O Transtorno do Déficit de Atenção com Hiperatividade (TDAH) é um transtorno neurobiológico, de causas genéticas, que aparece na infância e frequentemente acompanha o indivíduo por toda a sua vida. Ele se caracteriza por sintomas de desatenção, inquietude e impulsividade. Ele é chamado às vezes de DDA (Distúrbio do Déficit de Atenção). Em inglês, também é chamado de ADD, ADHD ou de AD/HD.

Antes de sugerir que um aluno tem hiperatividade, veja se é sua aula que não anda prendendo a atenção. Cinco pontos essenciais sobre esse transtorno:

À primeira vista, a estatística soa alarmante: de 3 a 6% das crianças em idade escolar sofrem com o Transtorno de Déficit de Atenção com ou sem Hiperatividade (o nome oficial do TDAH), que muita gente conhece somente como hiperatividade. Quer dizer então que, numa classe de 30 alunos, sempre haverá um ou dois que precisam de remédio? Não. Na maioria das vezes, o acompanhamento psicológico é suficiente.

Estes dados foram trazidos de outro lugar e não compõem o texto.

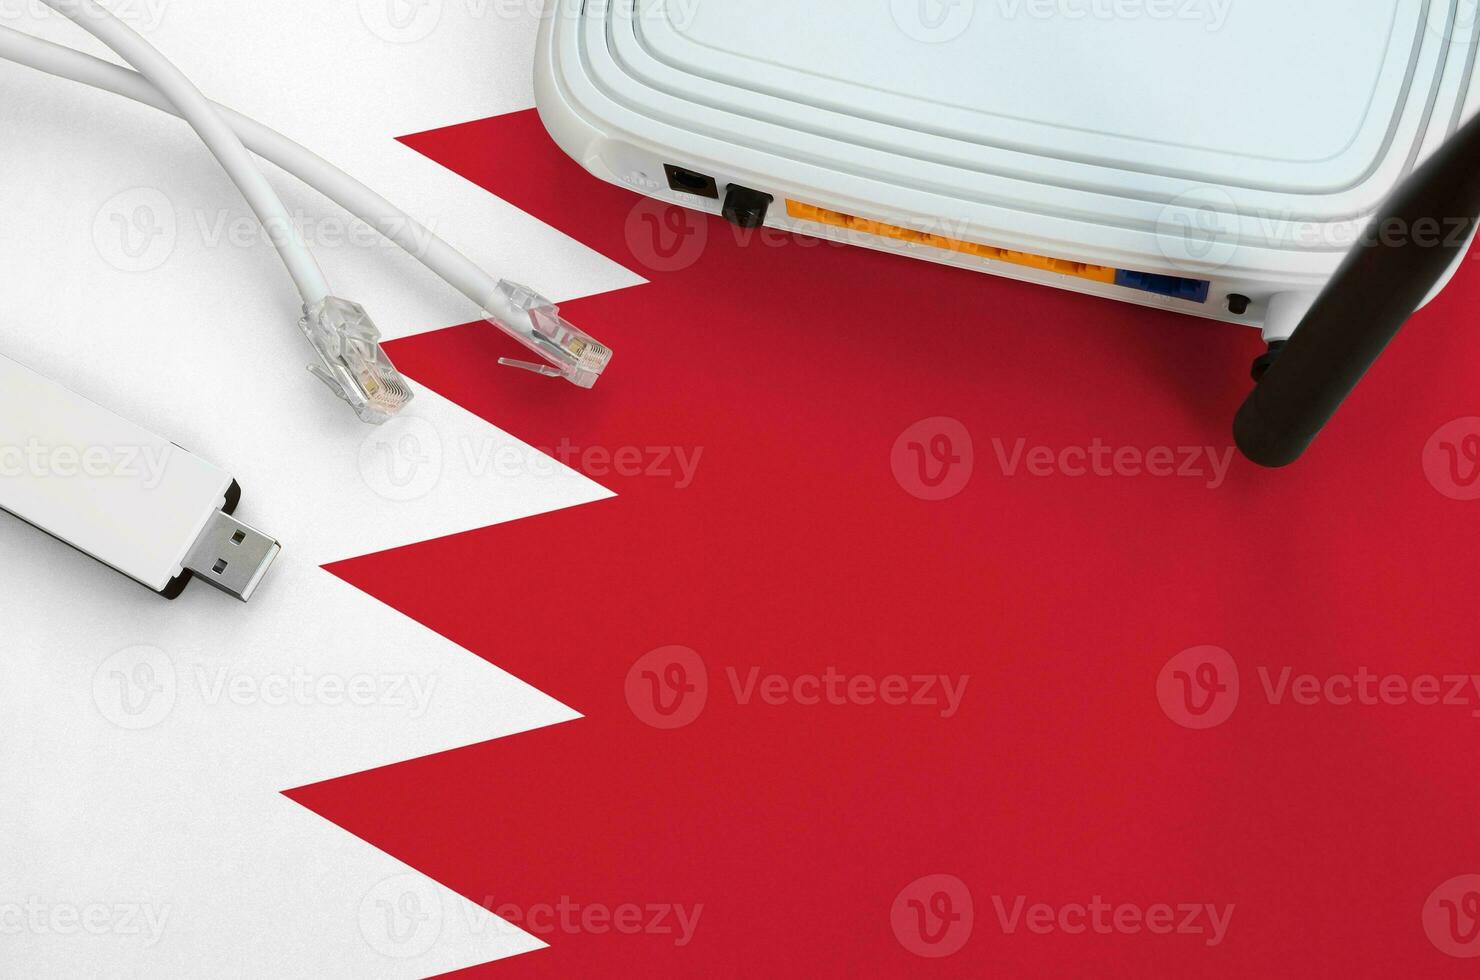 bahrain flagga avbildad på tabell med internet rj45 kabel, trådlös uSB wiFi adapter och router. internet förbindelse begrepp foto

E, se o problema for bagunça ou desatenção, vale analisar se a causa não está na forma como você organiza a aula. “Geralmente, a inquietação costuma estar mais relacionada com a dinâmica da escola do que com o transtorno”, diz Ma­u­ro Muszkat, especialista em Neuropsicologia Infantil da Universidade Federal de São Paulo (Unifesp). Quando o caso é mesmo de TDAH, são três os sintomas principais: agitação, dificuldade de atenção e impulsividade – que devem estar presentes em pelo menos dois ambientes que a crian­ça frequenta. Por tudo isso, nun­­ca é demais lembrar que o diagnóstico precisa de respaldo médico. Veja cinco pontos essenciais sobre o transtorno.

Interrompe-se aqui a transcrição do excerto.